**Problem statement**
Write out the material below again, line for line, without any images.

**Recorded data**
▬▬▬▬▬▬▬▬▬▬
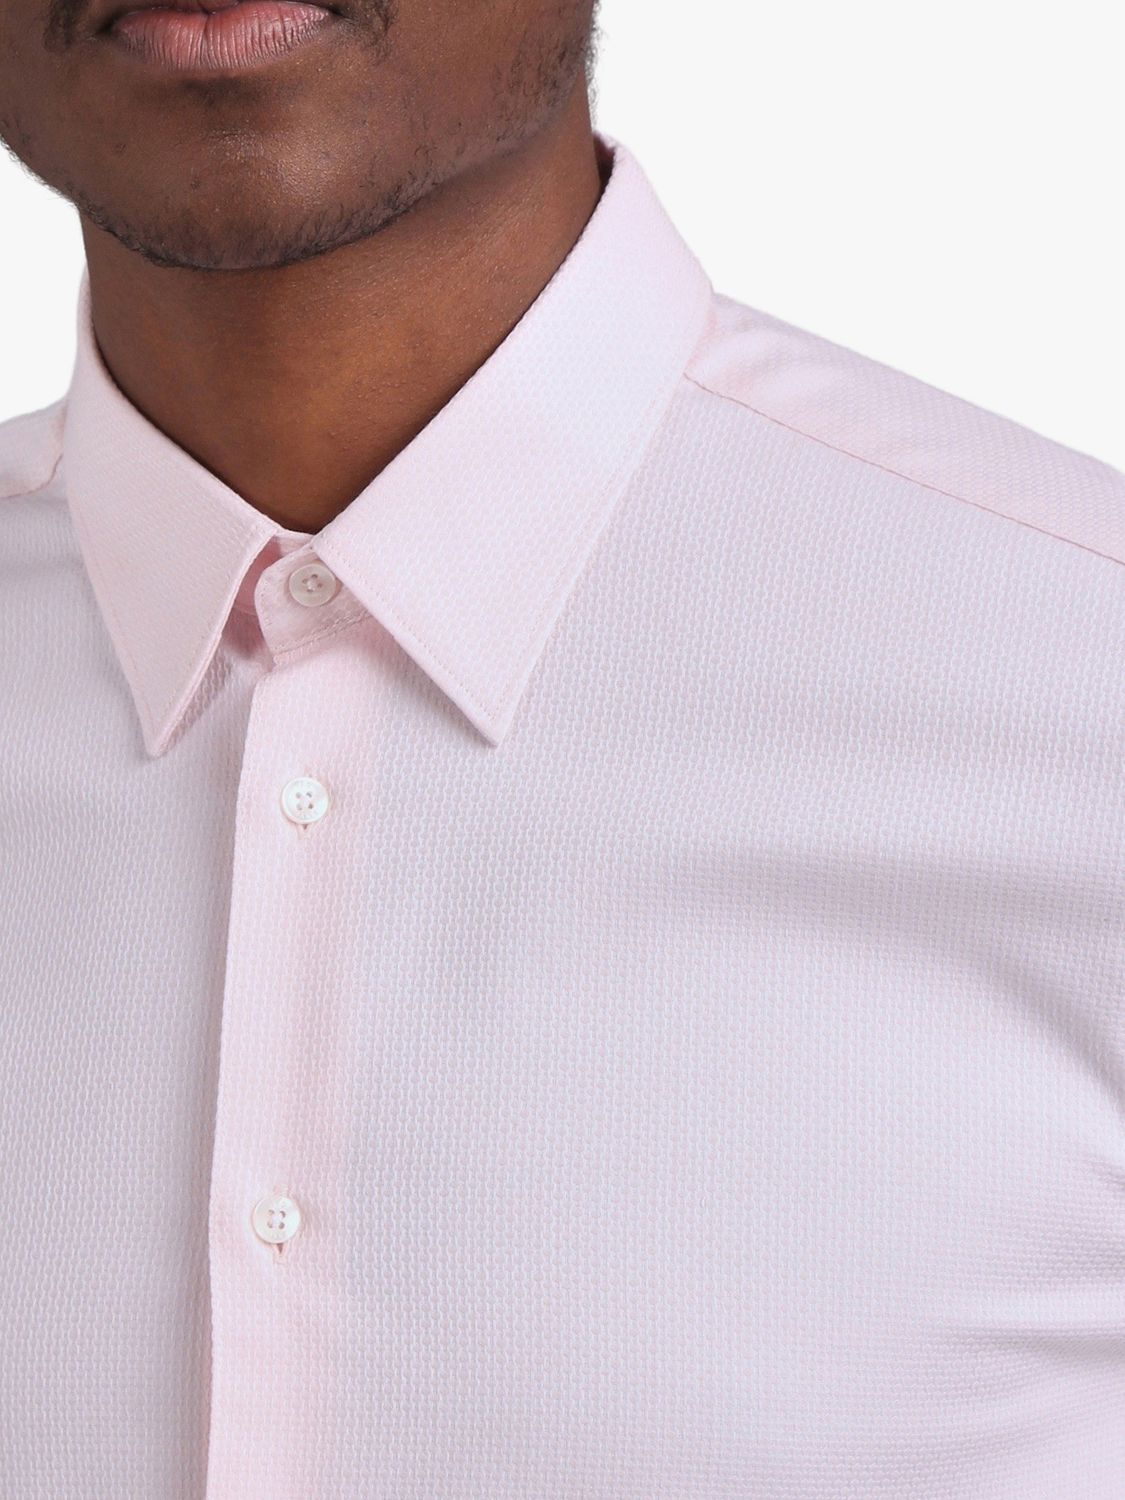 Ted Baker Dorian Long Sleeve Slim Fit Shirt, Pink, 16.5R
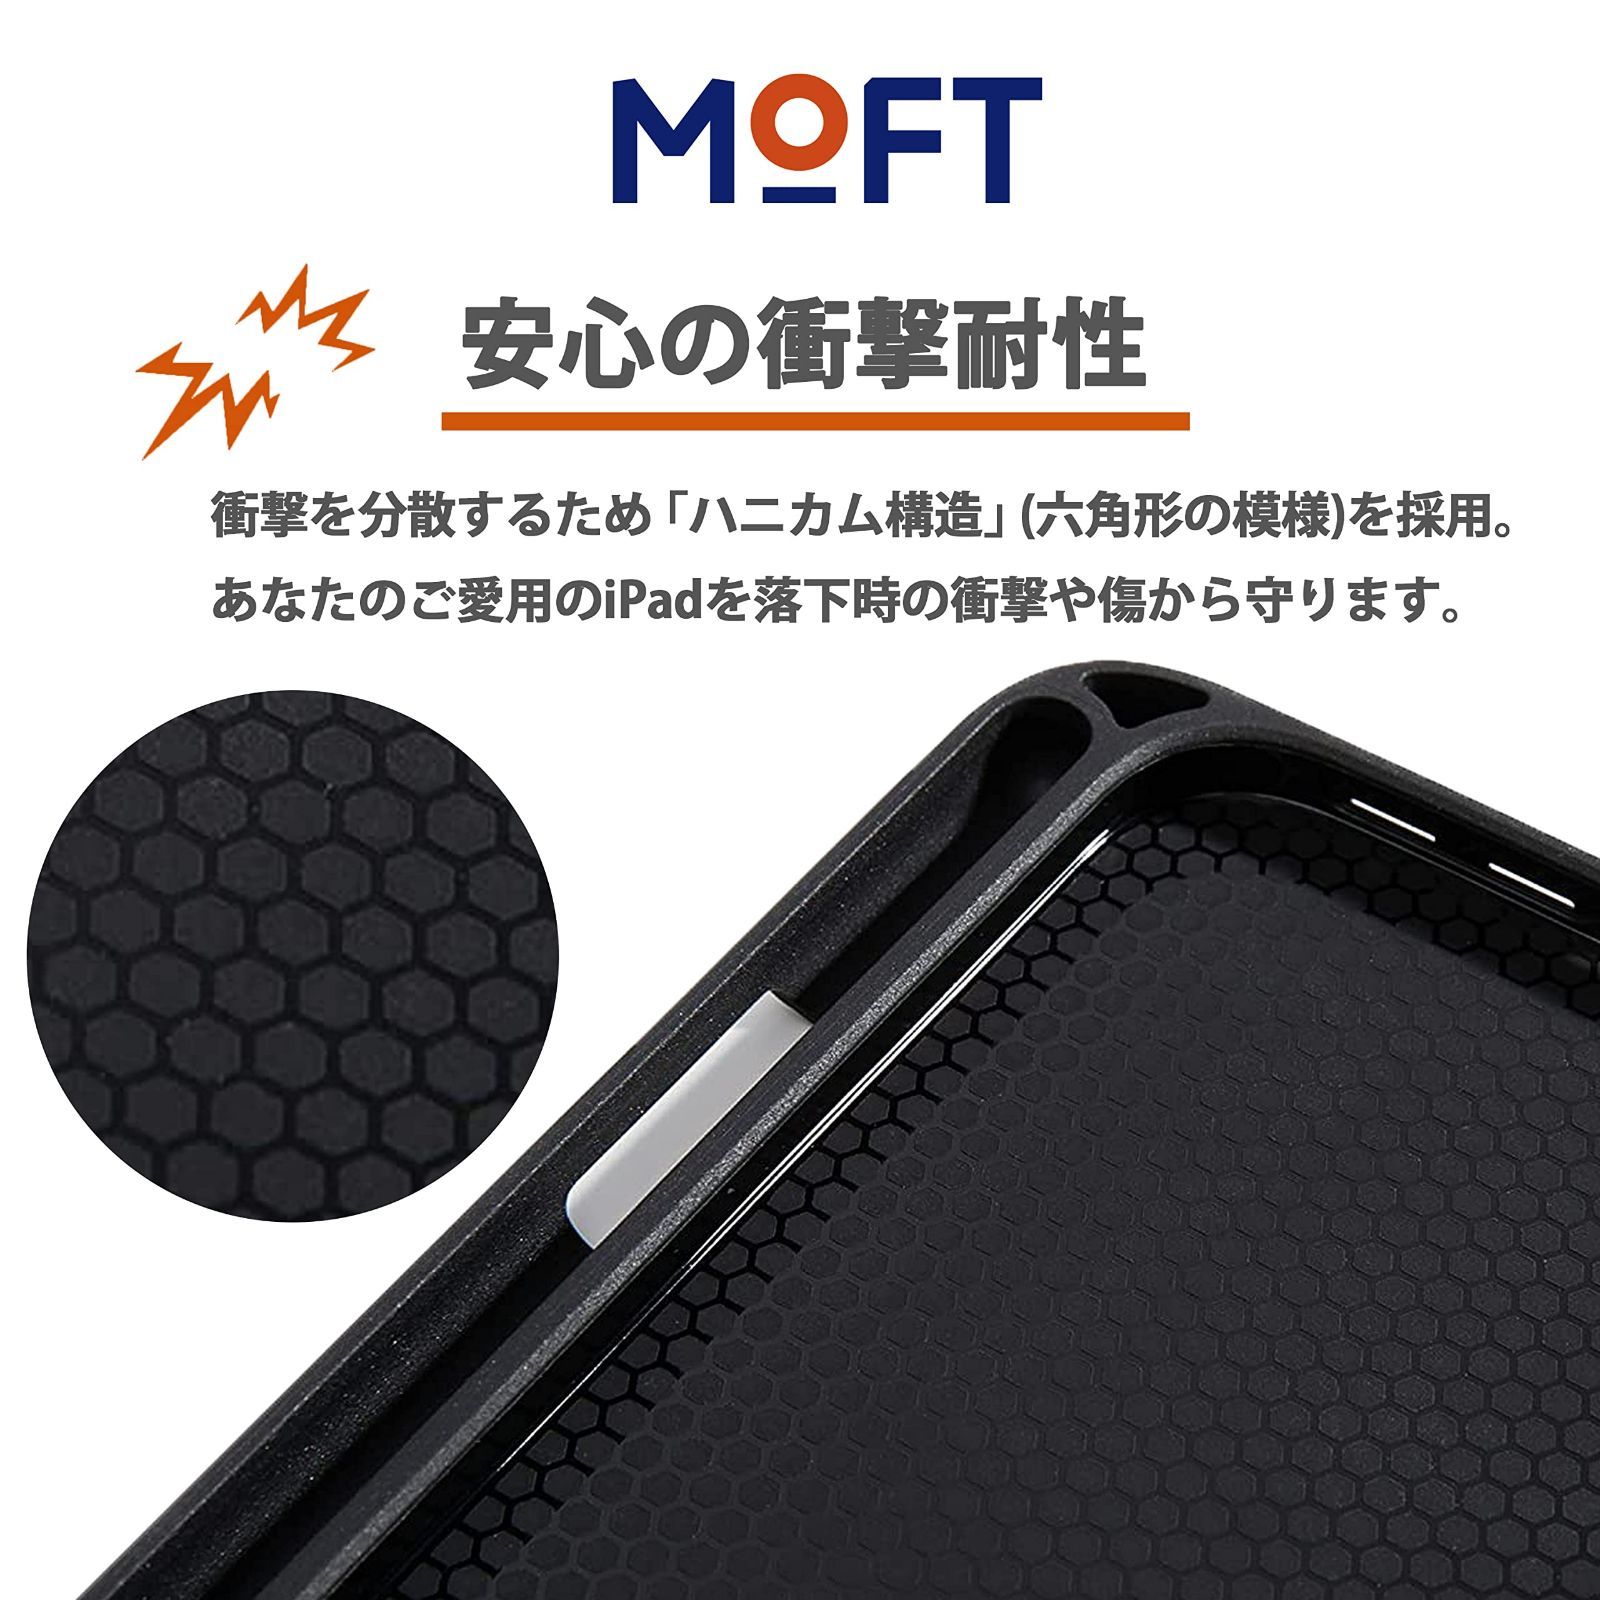 MOFT iPad mini Snapケーススタンドセット 通販
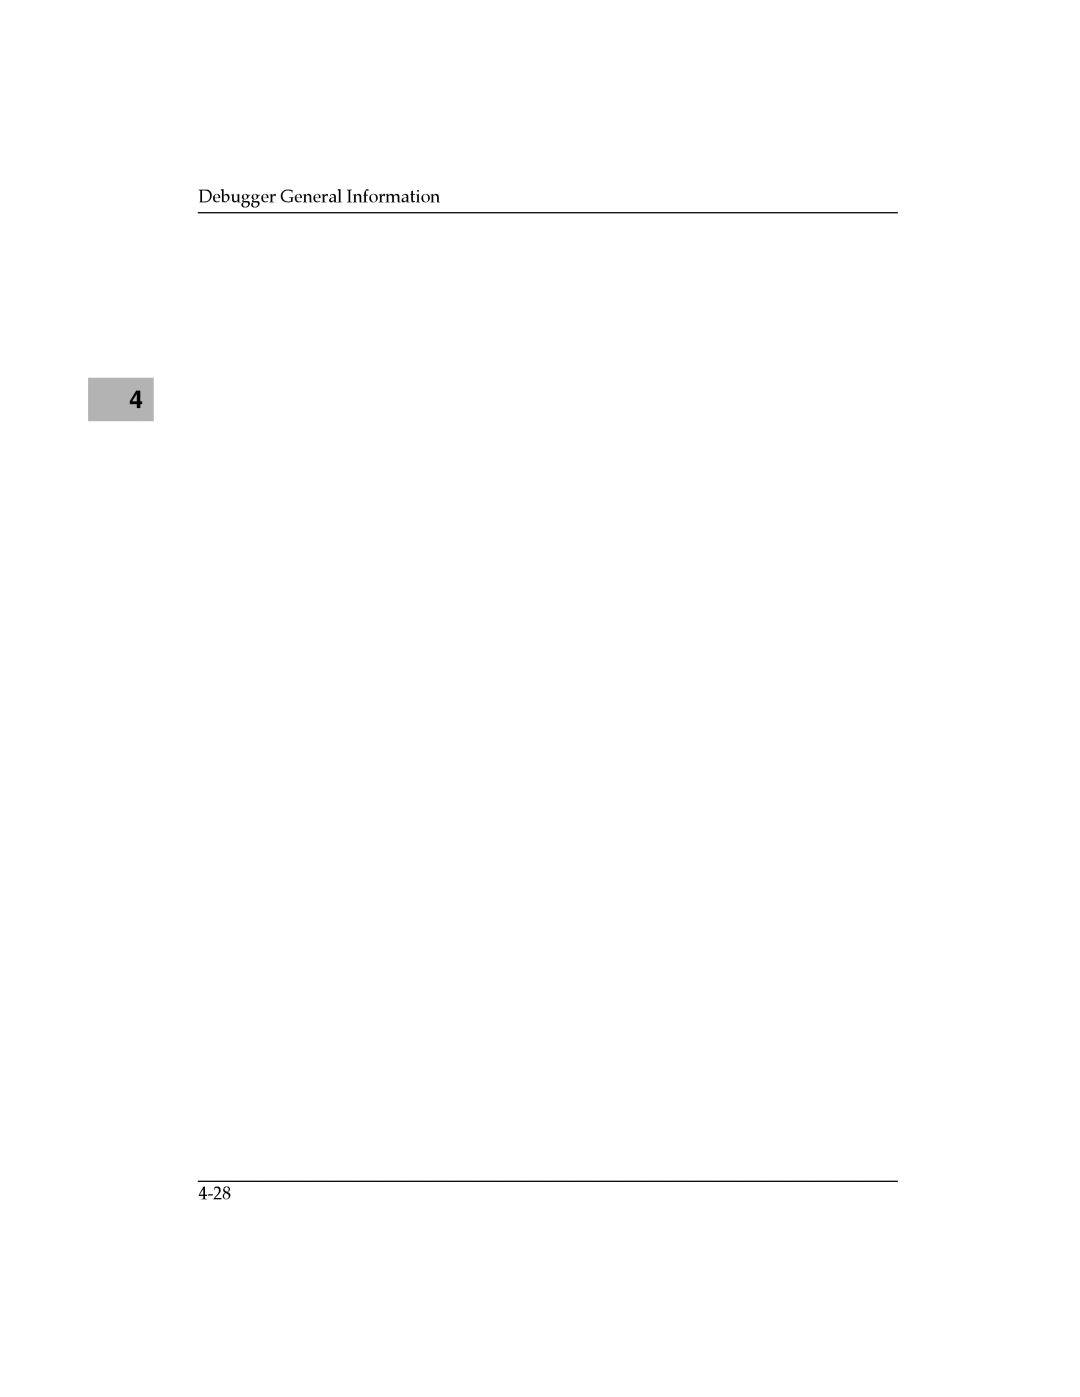 Motorola MVME187 manual Debugger General Information, 4-28
▬▬▬▬▬▬▬▬▬▬
**Output for this exercise**
 Ted Baker Dorian Long Sleeve Slim Fit Shirt, Pink, 16.5R
 MOFT iPad mini Snapケーススタンドセット 通販
 Motorola MVME187 manual Debugger General Information, 4-28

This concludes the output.